Investors around the world were on edge as Americans headed to the polls on Tuesday, drawing to a close a dramatic U.S. election cycle that has rippled through bonds, stocks and other assets in recent months and could further sway markets as the results become clearer.

This U.S. election cycle is one of the most unusual in history, and its results could have very different impacts on tax and trade policy and the American system depending on whether Republican Trump or Democrat Harris wins.

The election results could shake up global assets and lead to broad financial consequences, including for the outlook for U.S. debt, the dollar and a range of industries that form the backbone of American business.

As polls show a fierce competition between the former president and the current vice president, and control of the U.S. Congress remains undecided, investors are concerned about any unclear or disputed results, as any sustained political uncertainty could exacerbate market volatility.

As voting results begin to be announced Tuesday night, investors will focus on the counting results from several key counties across the U.S., which may provide early clues as to who will win. However, many swing states that will decide the election outcome may not produce meaningful results until late at night. Mike Mullaney, global market research director at Boston Partners, which has worked in the investment management industry for over 40 years, said, "This is the most important election I have seen in my career, the results will show significant divides; if Trump wins, certain things will happen, and if Harris wins, other things will occur."

Driven by a strong economy, robust corporate profits, and the Federal Reserve's interest rate cuts, the S&P 500 reached an all-time high in 2024, rising about 20%.

On Tuesday, several indicators measuring traders' demand for safe havens amid significant volatility in overnight currency market prices soared to their highest levels since the November 2016 election.

Bets driving the market

Nevertheless, the bets on the election results have influenced the market to some extent. Traders pointed out that Trump's rise in polls and betting markets is a factor driving asset movements, which may be affected by his commitments to raise tariffs, cut taxes, and deregulate.

These so-called "Trump trades" include a plunge in the Mexican peso (possibly hit by tariff shocks), significant volatility in Trump Media and Technology Group stocks, and rises in industries (like regional banks) that may benefit from deregulation.

U.S. Treasury yields (which move inversely to bond prices) have also risen as investors price in potential inflation, which is another expected outcome of Trump returning to the White House.

However, after Harris surpassed Trump in a closely watched Iowa poll, many of these "Trump trades" were at least partially reversed on Monday, as investors remained vigilant about the market's reaction to the election results to guard against further volatility.

Matt Miskin, co-chief investment strategist at John Hancock Investment Management, said, "The market is being pulled and pushed in different directions as investors try to digest the many unknowns related to the election.
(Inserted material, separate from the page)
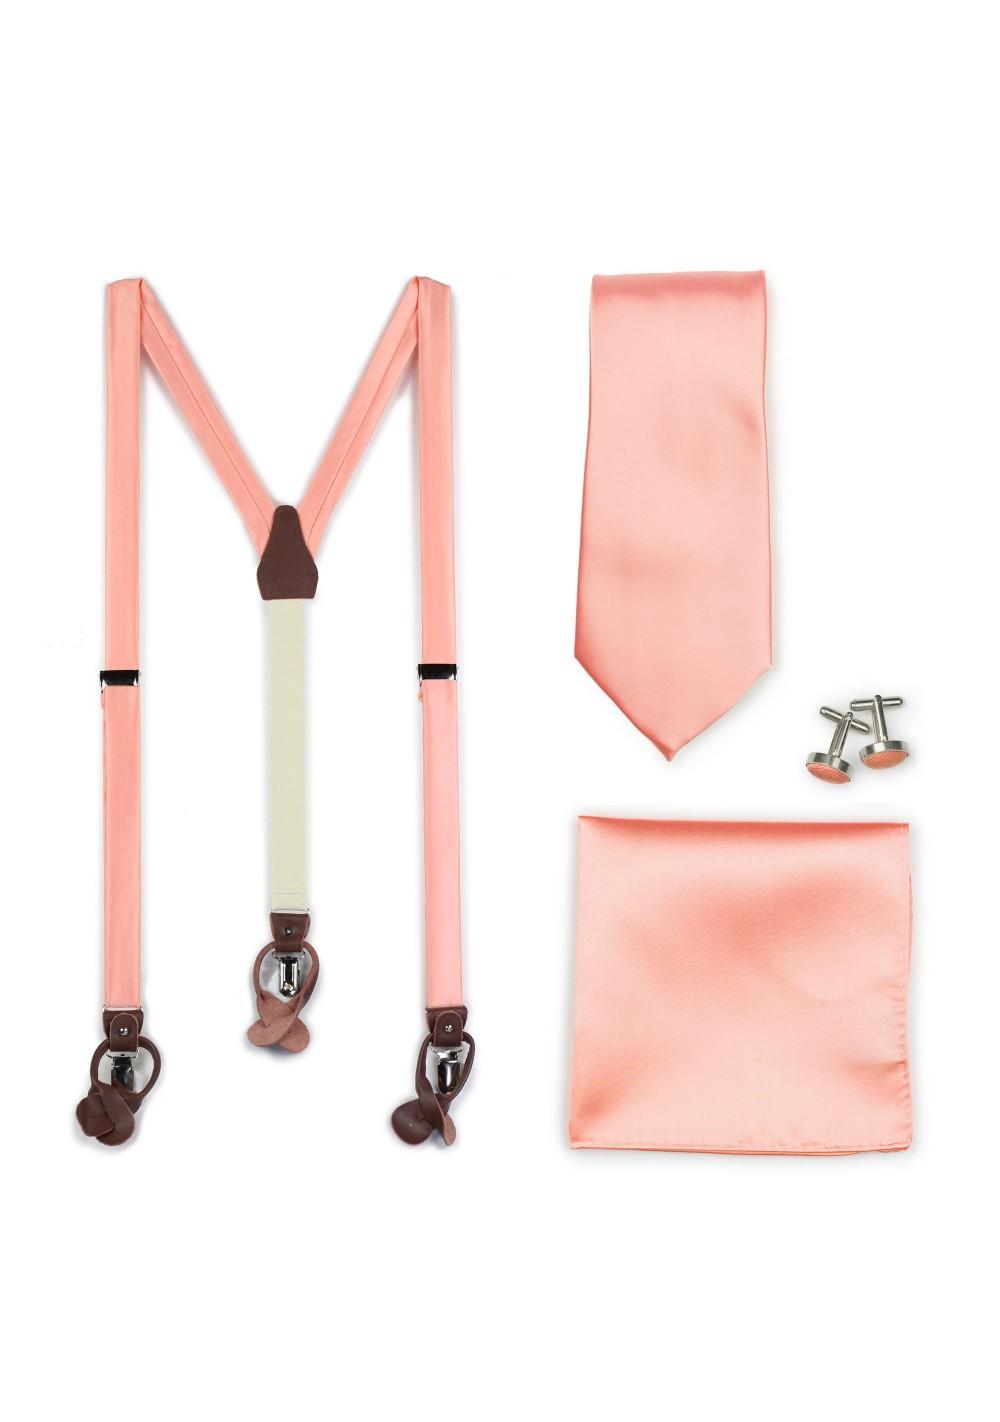 Tropical Peach Wedding Suspender and Necktie Set

In about a week, we will have a clear answer, either reinforcing this positioning or a major reshuffling will occur."

Meanwhile, it is expected that Harris will implement stricter regulatory measures, support clean energy more, and possibly impose higher taxes on corporations and wealthy individuals.
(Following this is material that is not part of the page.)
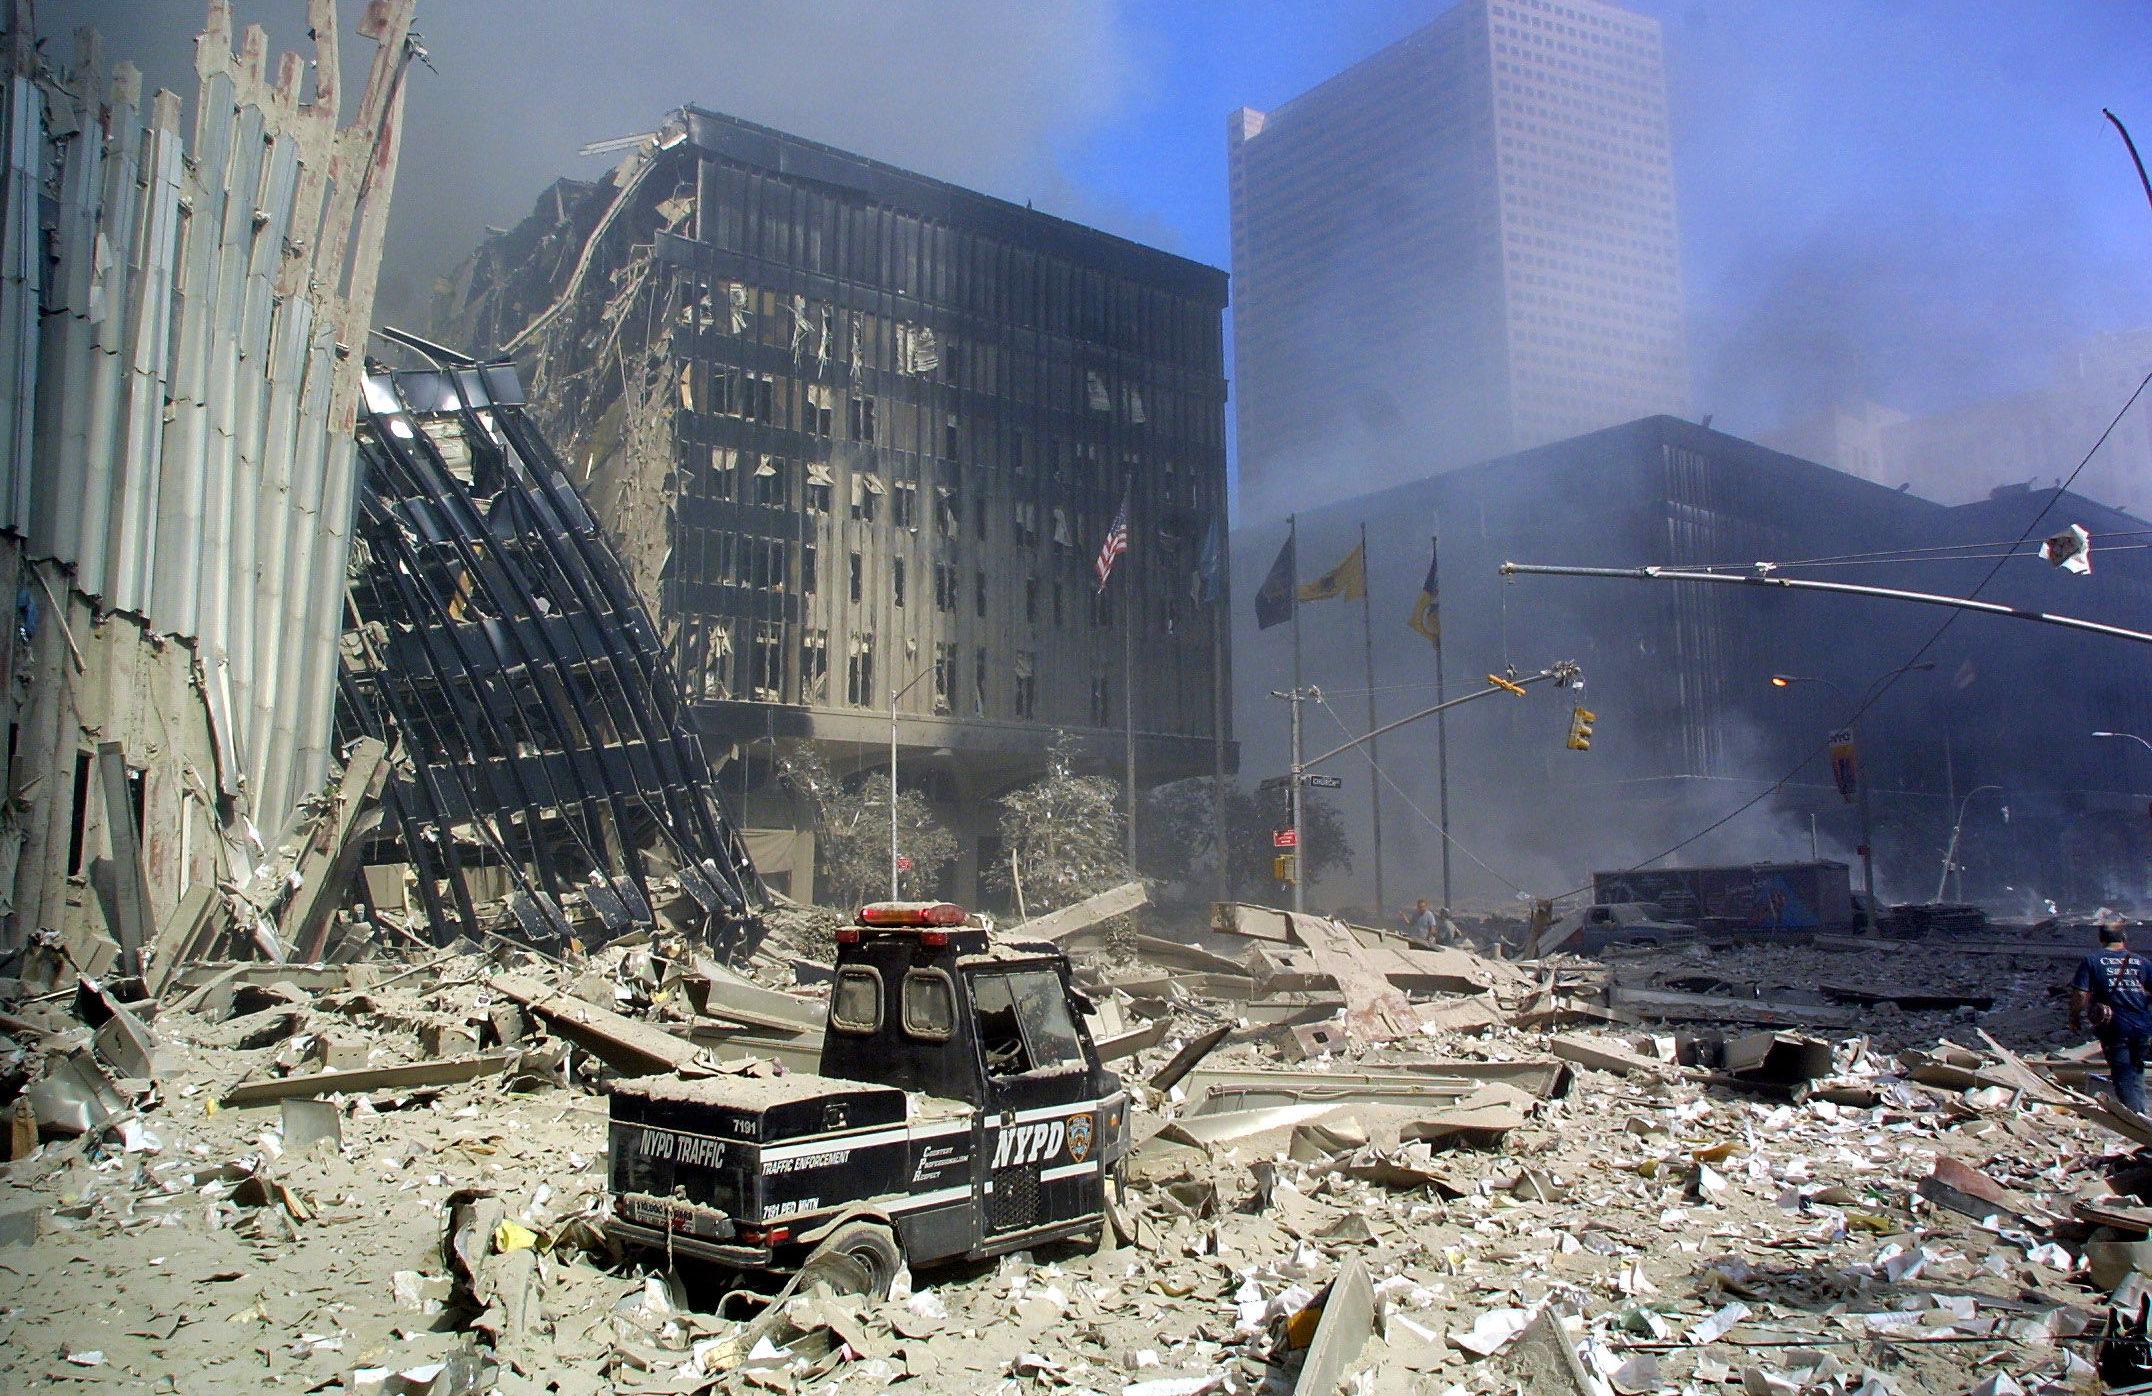 Среди развалин после теракта 11 сентября в Нью-Йорке

"Blue wave" is considered unlikely.

Both Trump and Harris need their respective parties to win control of Congress in order to change tax rates. However, most investors believe that the so-called "blue wave," where Harris wins and the Democrats gain control of both the House and Senate, is unlikely to occur.

Analysts at Capital Economics stated in a report last Friday, "If Harris really wins... she is likely to face a Republican-controlled Senate, which would stifle most of her fiscal plans."
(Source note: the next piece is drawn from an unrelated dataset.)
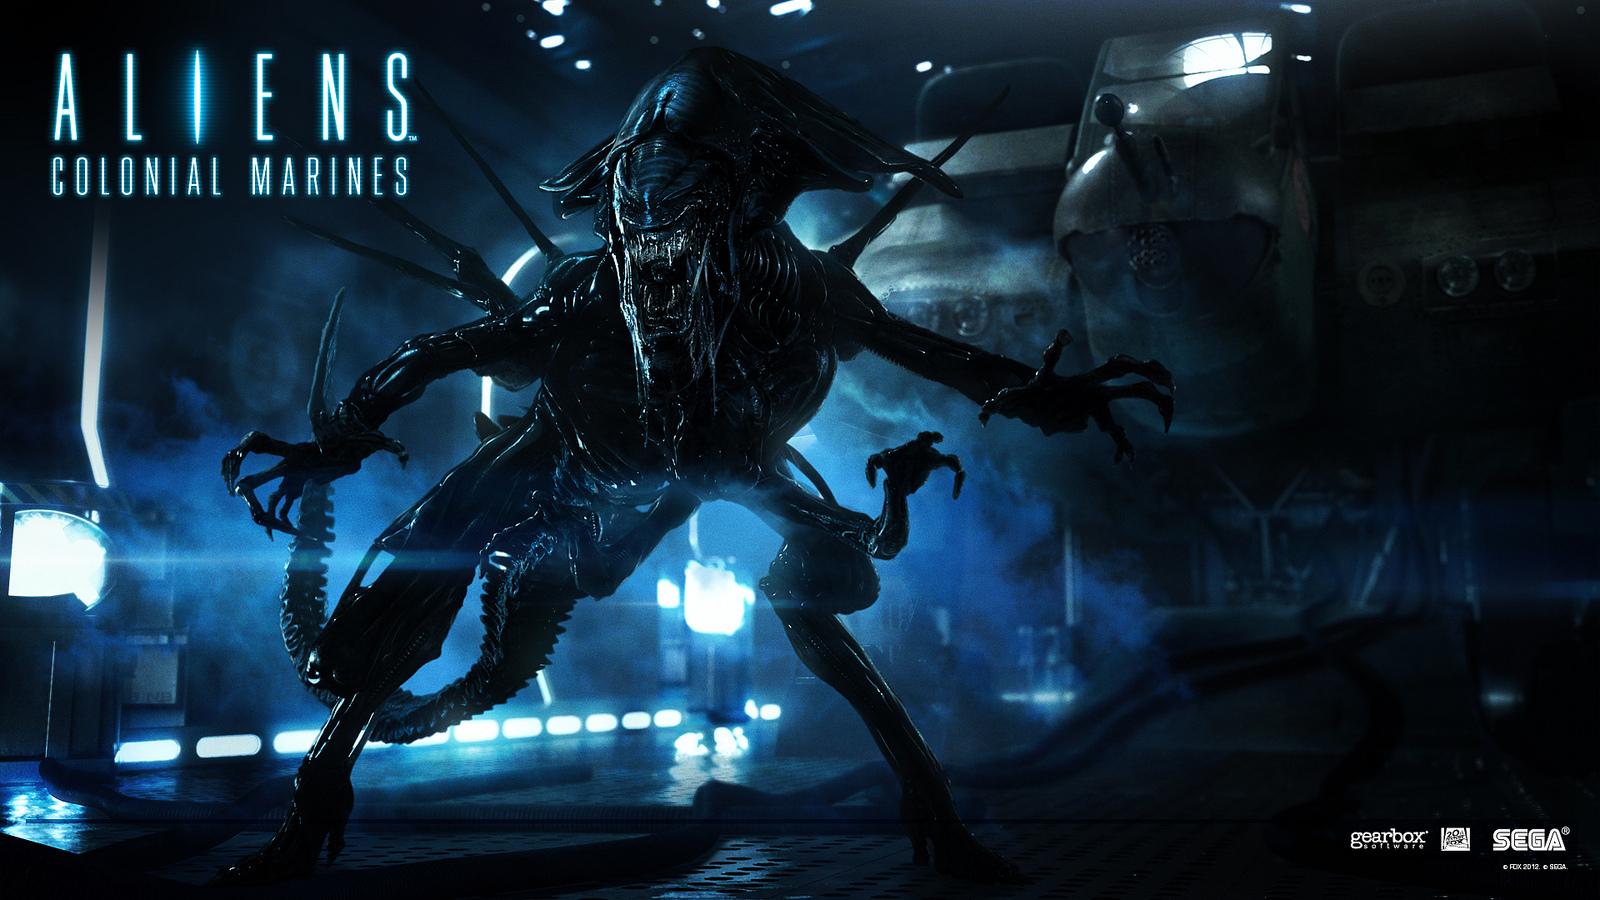 Alien Queen Wallpaper for Aliens Colonial Marines Alien Movies 1600x900

Historical data shows that regardless of which party wins, stocks tend to perform well by the end of election years, as investors feel reassured by the clarity of the political situation.

However, this year, some investors are concerned that the election results are too close, increasing market uncertainty. Another concern is that the election results will be contested, similar to what happened in 2020.

Despite the recent rarity of challenges to election results, investors still remember the events of 2000, when the competition between Bush and Gore remained unresolved for more than a month after a recount in Florida. During this period, the S&P 500 fell by 5%, as anxiety over tech stocks and the overall economy heightened market sentiment.

Although the S&P 500 is only about 2.5% below its all-time high, the stock market has seen increased volatility over the past week amid mixed earnings reports from large tech companies and heightened anxiety over the election. The Chicago Board Options Exchange Volatility Index, which measures Wall Street's fear, has risen to about 22 points, having previously fallen below 15 points in late September.

Matt Maley, chief market strategist at Miller Tabak, stated, "The uncertainty of the election results is a big issue, as this is something we encountered in 2000, but the difference is that so much is happening on the geopolitical stage today, what impact will this uncertainty of election results have?"